■ Available data ■
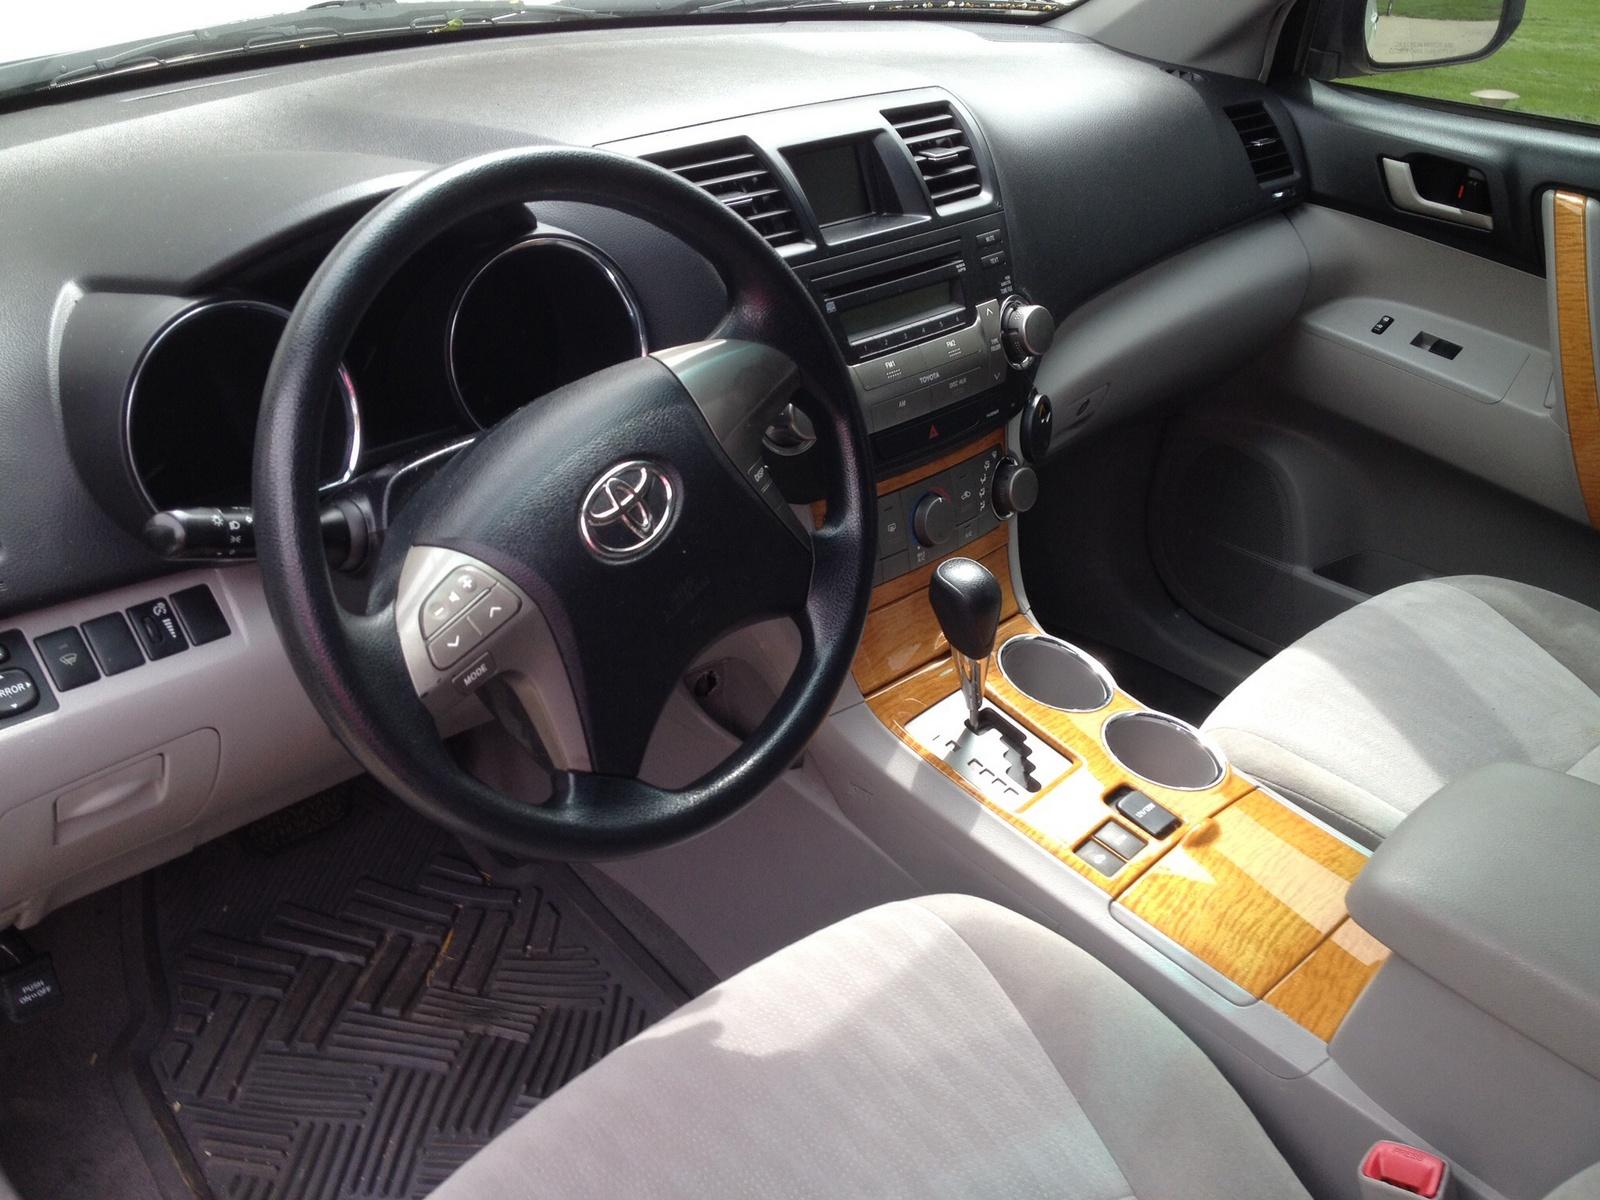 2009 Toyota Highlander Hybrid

---

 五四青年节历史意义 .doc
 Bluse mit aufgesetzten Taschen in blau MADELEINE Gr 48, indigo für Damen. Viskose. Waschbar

---

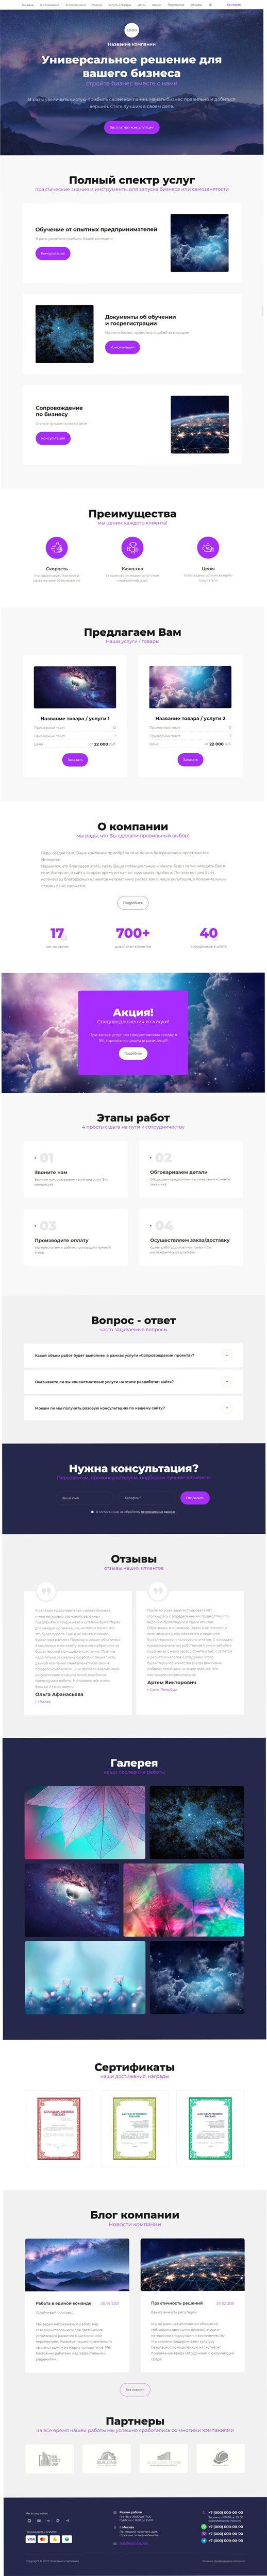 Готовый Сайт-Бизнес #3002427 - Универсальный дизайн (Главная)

■ Exercise requirements ■
Among the entries above, copy exactly only the lines starting with the one containing "五四青年节历史意义 .doc" and going through the one containing "Bluse mit aufgesetzten", both ends included.

■ Result of this exercise ■
 五四青年节历史意义 .doc
 Bluse mit aufgesetzten Taschen in blau MADELEINE Gr 48, indigo für Damen. Viskose. Waschbar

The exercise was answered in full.